When I used to live in France and travel in the US, I had an adapter for my phone charger since the electrical outlets are different: shape, voltage, etc. The Adapter Pattern does the same. It aims to wrap an existing interface to conform it to a required interface.
Let’s consider this company with a CEO, a manager (the “adapter”) and a programmer:
interface CEO { // implementations: bossyCEO, micromanagerCEO, etc. 🙂
public Demand command();
}
interface Programmer { // implementations: rebelliousProgrammer, etc.
public void execute(Expectation cmd);
}
interface Manager { // implementations: terrorizedManager, angryManager, etc.

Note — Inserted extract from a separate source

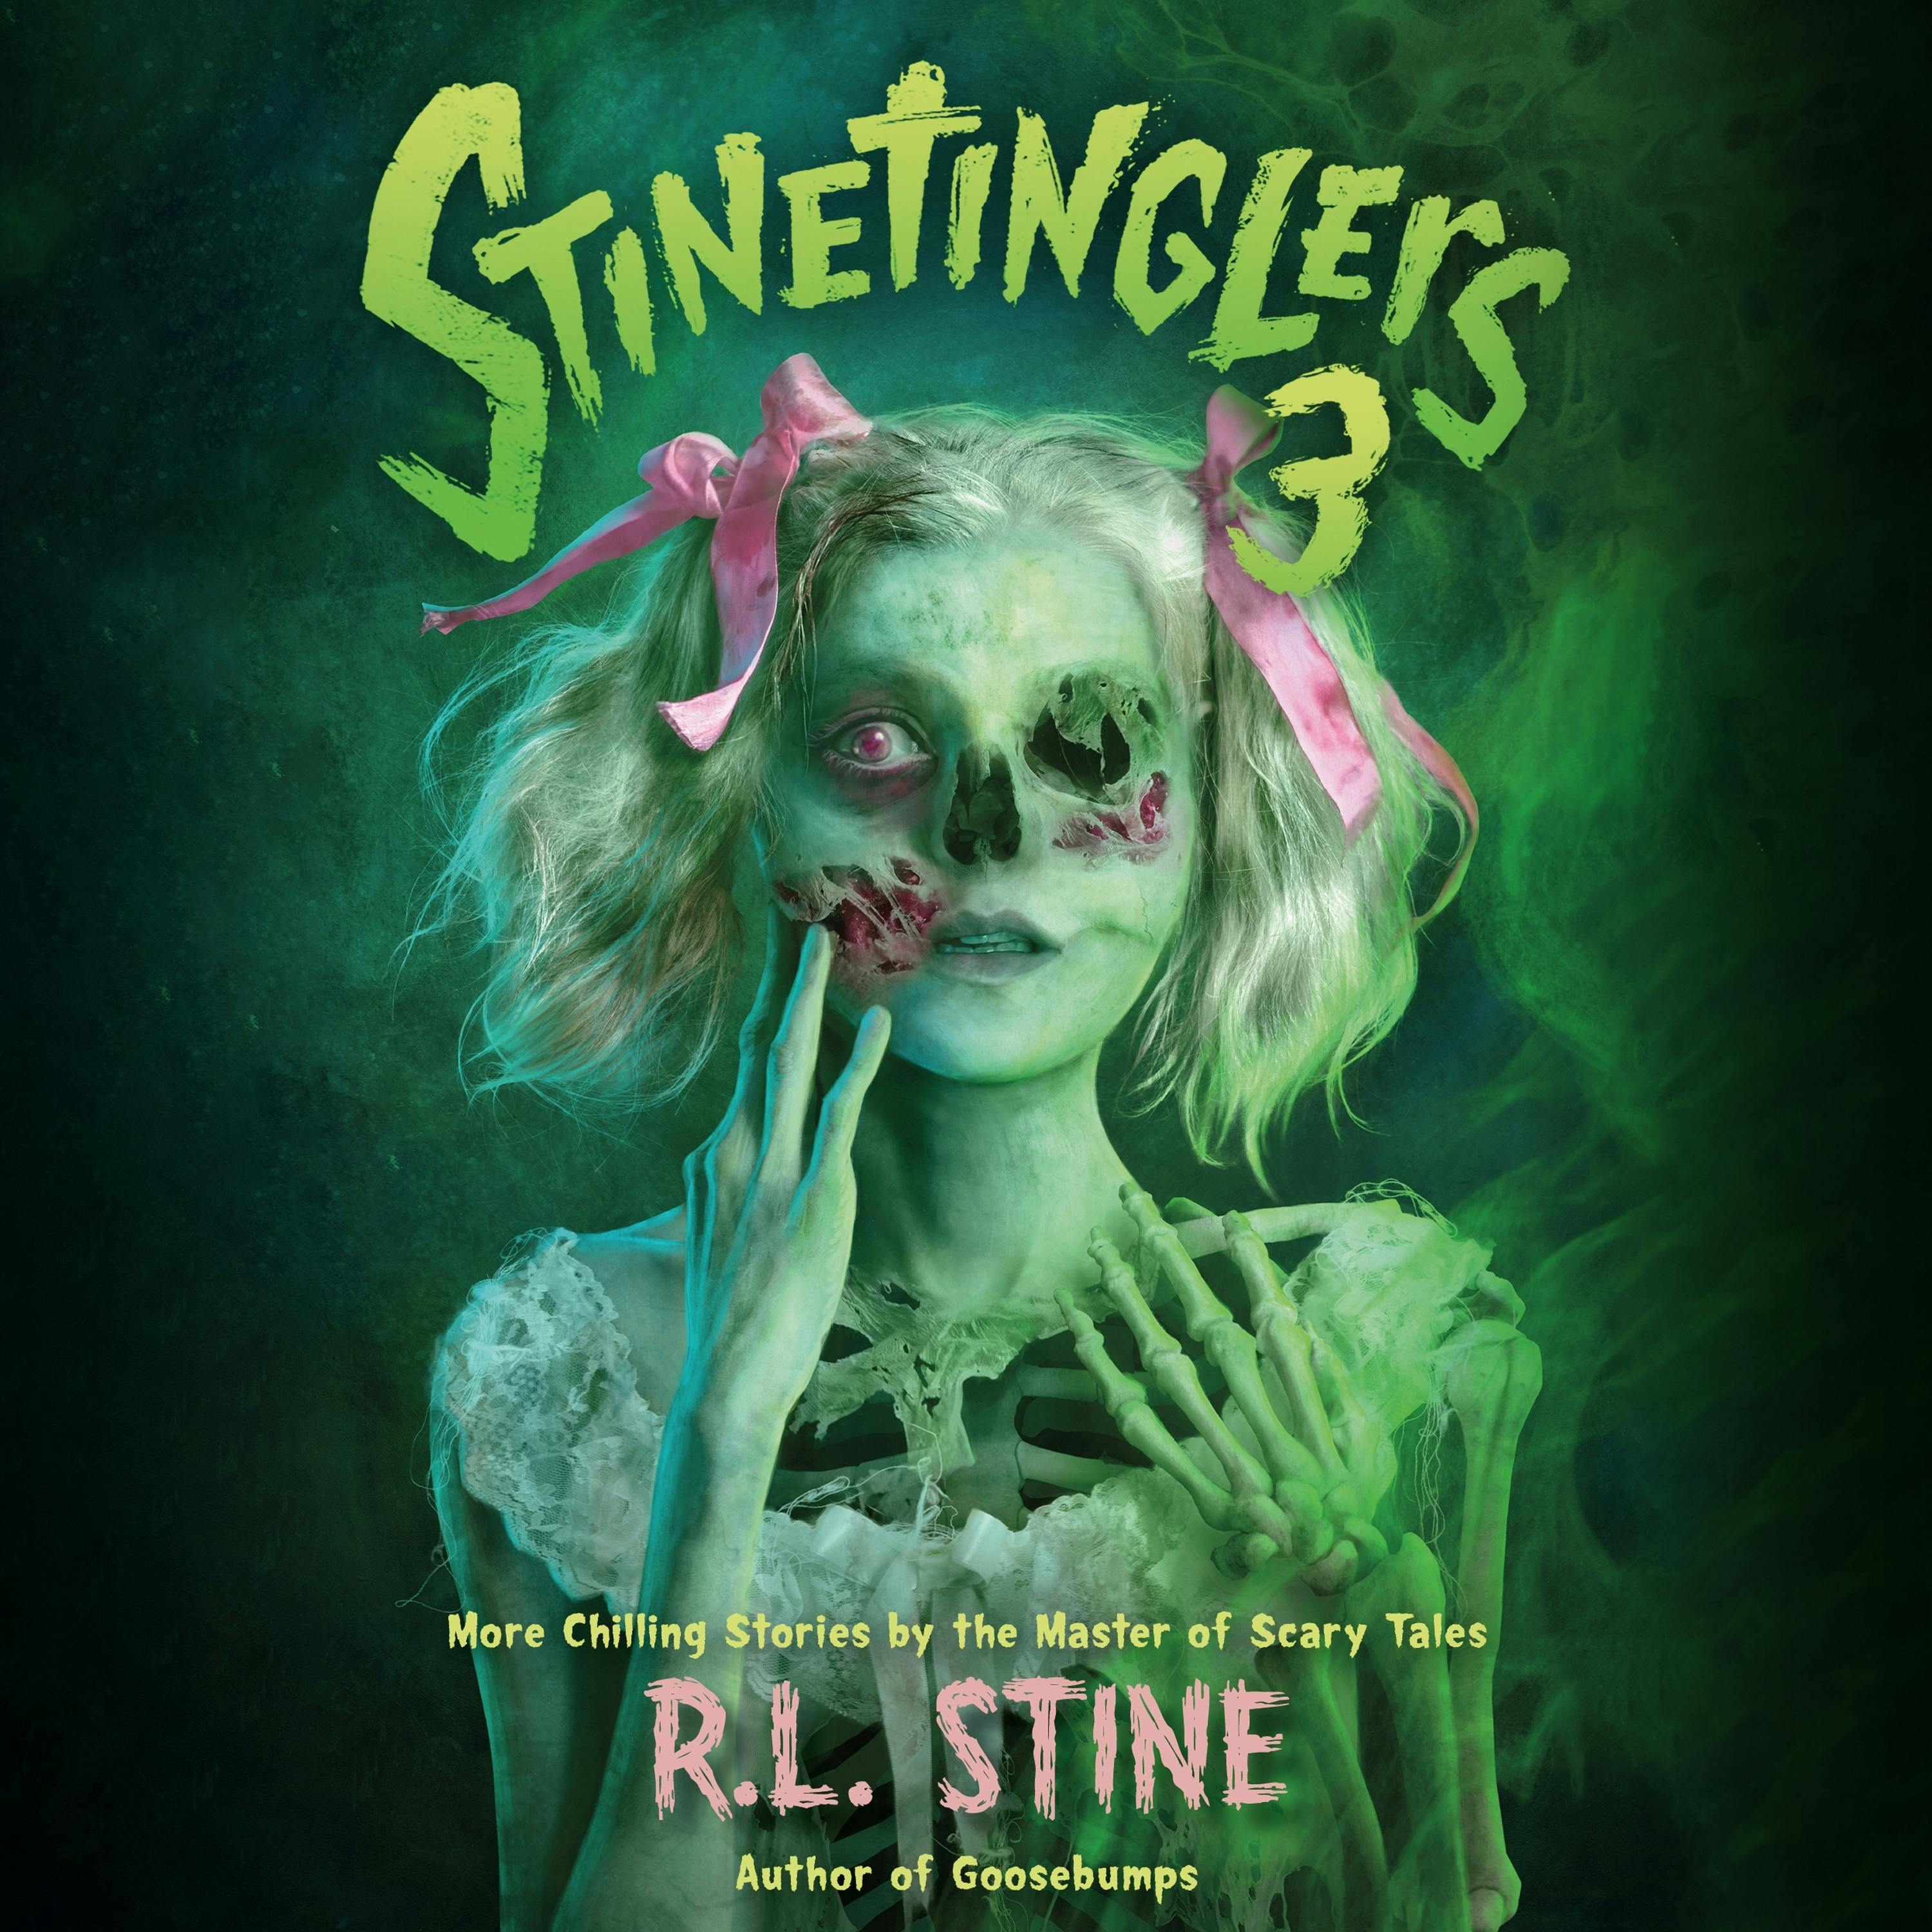 Stinetinglers 3

public void hear(Demand demand);
public void execute();
}
// adapter class
class SmartManager implements Manager {
private Programmer programmer; // would not be private if CEO is micromanaging 🙂
private Project project;
public SmartManager(Programmer programmer) { // only one programmer 🙂
this.programmer = programmer;
}
public void hear(Demand demand) {
decrypt(demand);
discuss(programmer, demand);
project = plan(demand);
}
public void execute() {
Expectation expectation = project.getPlan();
programmer.execute(expectation);
}
}
The adapter usually wraps the interface it adapts to transform the calls from the consumer interface.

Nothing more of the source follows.